* [Exercise instructions]: Every record below should be printed exactly as it appears.

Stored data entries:
Segment Open
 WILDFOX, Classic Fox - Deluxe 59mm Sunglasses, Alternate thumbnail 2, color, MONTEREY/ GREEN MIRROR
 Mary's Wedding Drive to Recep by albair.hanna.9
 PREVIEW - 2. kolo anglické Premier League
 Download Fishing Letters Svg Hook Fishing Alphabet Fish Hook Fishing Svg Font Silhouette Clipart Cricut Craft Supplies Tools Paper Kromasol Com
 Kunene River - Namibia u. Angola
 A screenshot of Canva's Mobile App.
Segment Closed
* [Problem solution]:
 WILDFOX, Classic Fox - Deluxe 59mm Sunglasses, Alternate thumbnail 2, color, MONTEREY/ GREEN MIRROR
 Mary's Wedding Drive to Recep by albair.hanna.9
 PREVIEW - 2. kolo anglické Premier League
 Download Fishing Letters Svg Hook Fishing Alphabet Fish Hook Fishing Svg Font Silhouette Clipart Cricut Craft Supplies Tools Paper Kromasol Com
 Kunene River - Namibia u. Angola
 A screenshot of Canva's Mobile App.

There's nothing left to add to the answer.